• **Exercise directions**: A complete and exact copy of the data below is the task.
☆ ☆ ☆ ☆ ☆ ☆ ☆
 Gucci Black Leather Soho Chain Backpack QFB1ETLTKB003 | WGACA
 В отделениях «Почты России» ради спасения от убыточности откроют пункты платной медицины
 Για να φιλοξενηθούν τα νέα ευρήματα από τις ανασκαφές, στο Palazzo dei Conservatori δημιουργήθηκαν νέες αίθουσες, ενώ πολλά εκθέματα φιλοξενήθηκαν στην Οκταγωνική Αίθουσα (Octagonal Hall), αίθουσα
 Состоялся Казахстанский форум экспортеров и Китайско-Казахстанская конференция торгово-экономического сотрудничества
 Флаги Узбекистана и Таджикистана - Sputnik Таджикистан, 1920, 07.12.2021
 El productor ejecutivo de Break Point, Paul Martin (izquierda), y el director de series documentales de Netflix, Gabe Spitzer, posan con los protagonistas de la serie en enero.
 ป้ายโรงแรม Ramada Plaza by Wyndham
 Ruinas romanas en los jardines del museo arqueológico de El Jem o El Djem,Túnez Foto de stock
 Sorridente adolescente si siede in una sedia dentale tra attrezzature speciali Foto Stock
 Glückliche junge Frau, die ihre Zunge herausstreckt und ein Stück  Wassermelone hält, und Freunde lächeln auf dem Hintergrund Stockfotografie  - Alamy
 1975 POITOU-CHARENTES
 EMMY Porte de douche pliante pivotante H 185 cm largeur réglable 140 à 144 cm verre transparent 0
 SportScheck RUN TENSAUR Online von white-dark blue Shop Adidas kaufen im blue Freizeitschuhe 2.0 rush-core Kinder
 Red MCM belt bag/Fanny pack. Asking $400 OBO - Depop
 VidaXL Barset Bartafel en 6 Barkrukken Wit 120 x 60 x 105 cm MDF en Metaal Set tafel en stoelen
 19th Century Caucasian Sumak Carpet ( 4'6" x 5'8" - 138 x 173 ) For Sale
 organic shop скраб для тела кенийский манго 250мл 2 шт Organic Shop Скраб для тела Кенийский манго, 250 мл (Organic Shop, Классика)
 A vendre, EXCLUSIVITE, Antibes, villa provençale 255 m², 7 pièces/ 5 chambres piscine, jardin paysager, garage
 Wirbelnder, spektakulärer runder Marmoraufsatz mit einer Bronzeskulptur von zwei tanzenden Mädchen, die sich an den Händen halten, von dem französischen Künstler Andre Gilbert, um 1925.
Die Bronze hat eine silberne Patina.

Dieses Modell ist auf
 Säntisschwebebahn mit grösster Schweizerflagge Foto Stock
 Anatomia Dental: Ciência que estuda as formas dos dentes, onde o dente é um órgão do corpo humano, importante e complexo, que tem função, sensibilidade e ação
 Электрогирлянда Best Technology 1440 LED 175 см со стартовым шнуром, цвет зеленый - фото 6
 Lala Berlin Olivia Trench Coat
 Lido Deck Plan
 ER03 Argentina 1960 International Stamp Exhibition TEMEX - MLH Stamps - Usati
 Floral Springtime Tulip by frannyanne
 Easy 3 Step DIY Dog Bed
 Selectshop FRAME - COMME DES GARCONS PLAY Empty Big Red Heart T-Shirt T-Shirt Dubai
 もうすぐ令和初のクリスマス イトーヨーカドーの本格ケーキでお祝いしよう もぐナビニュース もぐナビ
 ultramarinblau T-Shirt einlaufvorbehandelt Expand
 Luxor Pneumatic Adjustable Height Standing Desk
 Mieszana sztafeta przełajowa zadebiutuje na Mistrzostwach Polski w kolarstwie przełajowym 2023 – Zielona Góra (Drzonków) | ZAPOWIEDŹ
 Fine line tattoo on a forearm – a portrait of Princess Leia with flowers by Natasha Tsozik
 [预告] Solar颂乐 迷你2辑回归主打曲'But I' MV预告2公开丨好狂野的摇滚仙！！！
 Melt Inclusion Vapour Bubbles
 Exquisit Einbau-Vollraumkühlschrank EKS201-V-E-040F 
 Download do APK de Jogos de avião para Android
☆ ☆ ☆ ☆ ☆ ☆ ☆
• **Answer to this problem**:
 Gucci Black Leather Soho Chain Backpack QFB1ETLTKB003 | WGACA
 В отделениях «Почты России» ради спасения от убыточности откроют пункты платной медицины
 Για να φιλοξενηθούν τα νέα ευρήματα από τις ανασκαφές, στο Palazzo dei Conservatori δημιουργήθηκαν νέες αίθουσες, ενώ πολλά εκθέματα φιλοξενήθηκαν στην Οκταγωνική Αίθουσα (Octagonal Hall), αίθουσα
 Состоялся Казахстанский форум экспортеров и Китайско-Казахстанская конференция торгово-экономического сотрудничества
 Флаги Узбекистана и Таджикистана - Sputnik Таджикистан, 1920, 07.12.2021
 El productor ejecutivo de Break Point, Paul Martin (izquierda), y el director de series documentales de Netflix, Gabe Spitzer, posan con los protagonistas de la serie en enero.
 ป้ายโรงแรม Ramada Plaza by Wyndham
 Ruinas romanas en los jardines del museo arqueológico de El Jem o El Djem,Túnez Foto de stock
 Sorridente adolescente si siede in una sedia dentale tra attrezzature speciali Foto Stock
 Glückliche junge Frau, die ihre Zunge herausstreckt und ein Stück  Wassermelone hält, und Freunde lächeln auf dem Hintergrund Stockfotografie  - Alamy
 1975 POITOU-CHARENTES
 EMMY Porte de douche pliante pivotante H 185 cm largeur réglable 140 à 144 cm verre transparent 0
 SportScheck RUN TENSAUR Online von white-dark blue Shop Adidas kaufen im blue Freizeitschuhe 2.0 rush-core Kinder
 Red MCM belt bag/Fanny pack. Asking $400 OBO - Depop
 VidaXL Barset Bartafel en 6 Barkrukken Wit 120 x 60 x 105 cm MDF en Metaal Set tafel en stoelen
 19th Century Caucasian Sumak Carpet ( 4'6" x 5'8" - 138 x 173 ) For Sale
 organic shop скраб для тела кенийский манго 250мл 2 шт Organic Shop Скраб для тела Кенийский манго, 250 мл (Organic Shop, Классика)
 A vendre, EXCLUSIVITE, Antibes, villa provençale 255 m², 7 pièces/ 5 chambres piscine, jardin paysager, garage
 Wirbelnder, spektakulärer runder Marmoraufsatz mit einer Bronzeskulptur von zwei tanzenden Mädchen, die sich an den Händen halten, von dem französischen Künstler Andre Gilbert, um 1925.
Die Bronze hat eine silberne Patina.

Dieses Modell ist auf
 Säntisschwebebahn mit grösster Schweizerflagge Foto Stock
 Anatomia Dental: Ciência que estuda as formas dos dentes, onde o dente é um órgão do corpo humano, importante e complexo, que tem função, sensibilidade e ação
 Электрогирлянда Best Technology 1440 LED 175 см со стартовым шнуром, цвет зеленый - фото 6
 Lala Berlin Olivia Trench Coat
 Lido Deck Plan
 ER03 Argentina 1960 International Stamp Exhibition TEMEX - MLH Stamps - Usati
 Floral Springtime Tulip by frannyanne
 Easy 3 Step DIY Dog Bed
 Selectshop FRAME - COMME DES GARCONS PLAY Empty Big Red Heart T-Shirt T-Shirt Dubai
 もうすぐ令和初のクリスマス イトーヨーカドーの本格ケーキでお祝いしよう もぐナビニュース もぐナビ
 ultramarinblau T-Shirt einlaufvorbehandelt Expand
 Luxor Pneumatic Adjustable Height Standing Desk
 Mieszana sztafeta przełajowa zadebiutuje na Mistrzostwach Polski w kolarstwie przełajowym 2023 – Zielona Góra (Drzonków) | ZAPOWIEDŹ
 Fine line tattoo on a forearm – a portrait of Princess Leia with flowers by Natasha Tsozik
 [预告] Solar颂乐 迷你2辑回归主打曲'But I' MV预告2公开丨好狂野的摇滚仙！！！
 Melt Inclusion Vapour Bubbles
 Exquisit Einbau-Vollraumkühlschrank EKS201-V-E-040F 
 Download do APK de Jogos de avião para Android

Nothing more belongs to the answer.